Chloride Interference and Correction. Chloride is the most significant interference; Cr₂O₇²⁻ oxidizes Cl⁻ to Cl₂ during digestion, registering as false COD. Each mg/L Cl⁻ contributes ~0.225 mg/L apparent COD if unmasked. Standard correction: add HgSO₄ at 10:1 Hg:Cl mass ratio, which forms HgCl₂ (negligible Cr₂O₇²⁻ reactivity). Effective up to ~2000 mg/L Cl⁻; for higher chloride, dilute sample, use silver-removal pretreatment, or use the modified Pitwell method. Modern HACH chloride-free vials use a different masking chemistry to eliminate Hg waste.

Other Interferences. Nitrite (NO₂⁻): oxidizes to NO₃⁻ contributing 1.14 mg COD per mg N. Add 10 mg sulfamic acid per mg NO₂⁻-N to mask. Volatile organics: partially escape during open-reflux digestion; closed-reflux retains them quantitatively. Reduced inorganics (S²⁻, Fe²⁺, Mn²⁺, NH₃ at high concentrations) contribute to COD legitimately — distinguishing organic vs inorganic COD requires separate TOC analysis. Pyridine and aromatic-N compounds are not fully oxidized; this is one of the documented limitations of the dichromate method.

Quality Control Standards. Glucose (C₆H₁₂O₆, MW 180.16): theoretical COD = 6 × 32 / 180.16 = 1.067 mg O₂ per mg glucose. A 200 mg/L glucose standard gives theoretical 213 mg/L COD. Recovery 95-105% expected for in-control analysis. Potassium hydrogen phthalate (KHP, KC₈H₅O₄, MW 204.22): theoretical COD = 7.5 × 32 / 204.22 = 1.176 mg O₂ per mg KHP. KHP is the preferred standard because it is non-hygroscopic, stable, and certified pure. A 425 mg/L KHP gives 500 mg/L COD theoretical. Run one QC standard per batch of 10-20 samples; reject batch if recovery falls outside 90-110%.

COD vs BOD₅ Relationship. COD and BOD₅ measure different fractions of the same waste. BOD₅/COD ratio is a biodegradability index: > 0.6 = highly biodegradable (typical fresh municipal sewage); 0.3-0.6 = treatable (typical municipal mixed); < 0.3 = non-biodegradable (industrial, presence of toxics, refractory organics).

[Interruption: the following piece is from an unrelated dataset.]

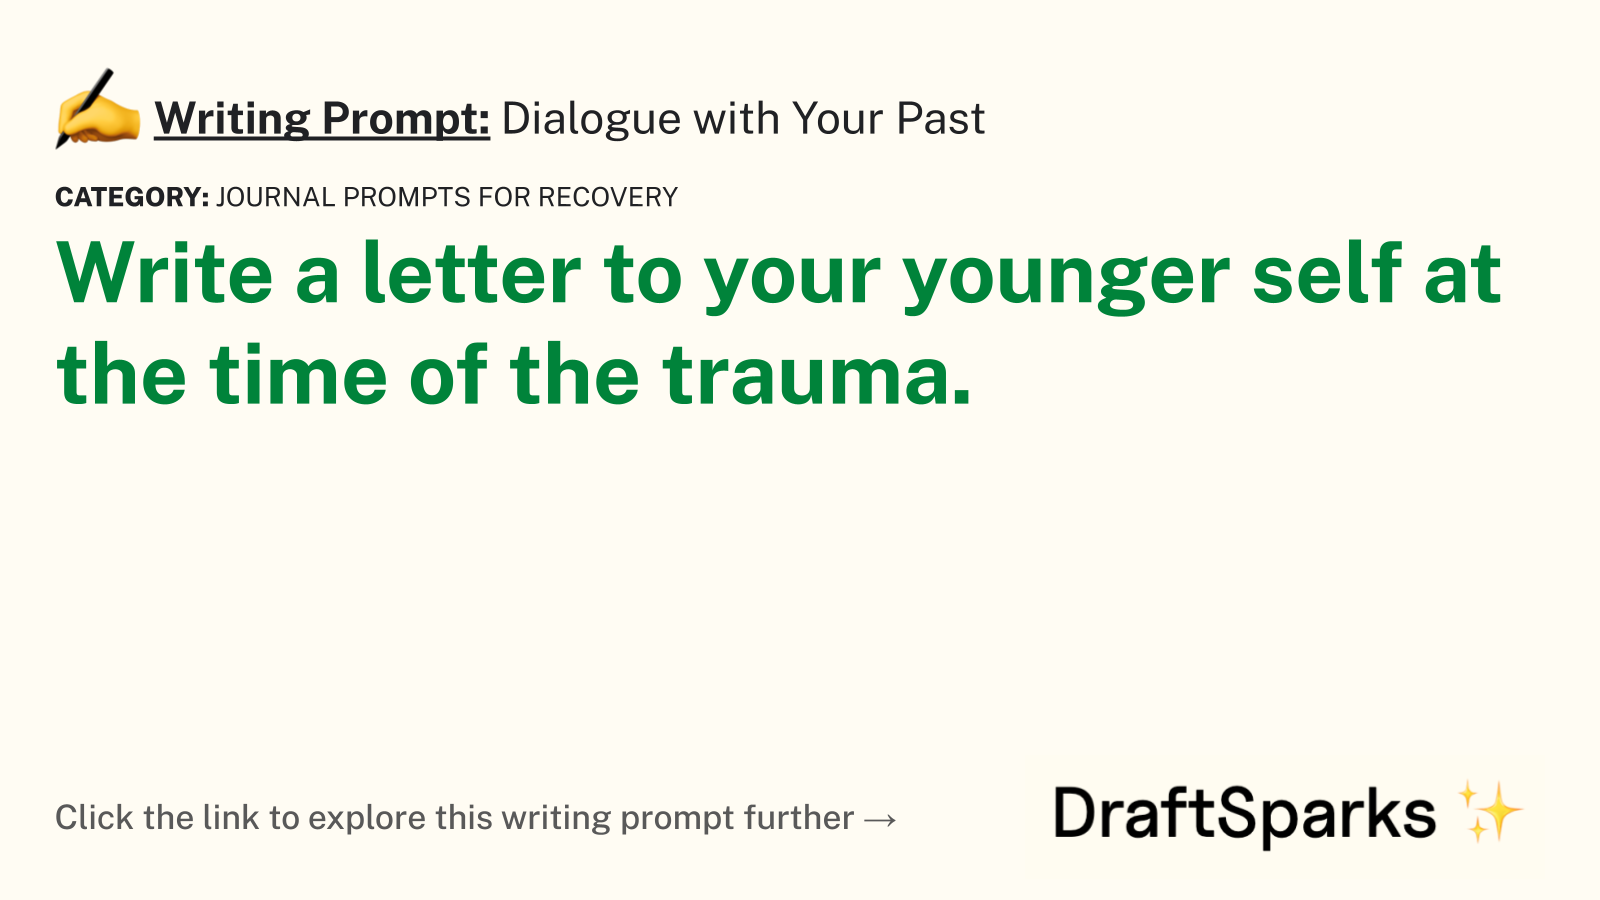 Dialogue with Your Past

For most municipal influent BOD₅ ≈ 0.45 × COD; for municipal effluent after biological treatment BOD₅ ≈ 0.1 × COD (the easily-biodegradable fraction has been removed, leaving recalcitrant compounds).

Theoretical Oxygen Demand (ThOD) Calculation. For a single compound C_a H_b N_c O_d S_e with stoichiometric oxidation to CO₂, H₂O, NH₃, SO₄²⁻: ThOD = 32 × (a + b/4 − c/2 − d/2 + 1.5e) / MW. Examples: methanol CH₃OH ThOD = 1.50 mg O₂/mg; ethanol ThOD = 2.09; glucose 1.067; sucrose 1.122; cellulose 1.185; phenol 2.38. Measured COD typically achieves 85-95% of ThOD because some compounds (pyridines, aromatic amines, straight-chain hydrocarbons over C₆) are not fully oxidized in the 2-hour digestion. The COD/ThOD ratio is a useful sanity check for known-composition test solutions.

Conclusion

Chemical Oxygen Demand is the workhorse of every environmental laboratory — a single mg O₂/L value summarizes the entire oxidizable load of a water sample, drives discharge-permit compliance, and tracks treatment-plant performance day to day. The math is one formula: COD = (A − B) × N × 8000 / V, where A and B are the FAS titration volumes for blank and sample, N is the FAS normality, V is the sample volume, and 8000 = 8 g O₂/equivalent × 1000 mL/L. The chemistry is exact dichromate-iron stoichiometry. The accuracy depends entirely on technique: a fresh blank, careful endpoint detection, mercuric sulfate to mask chloride interference, and a glucose or KHP QC standard to verify the analysis is in control.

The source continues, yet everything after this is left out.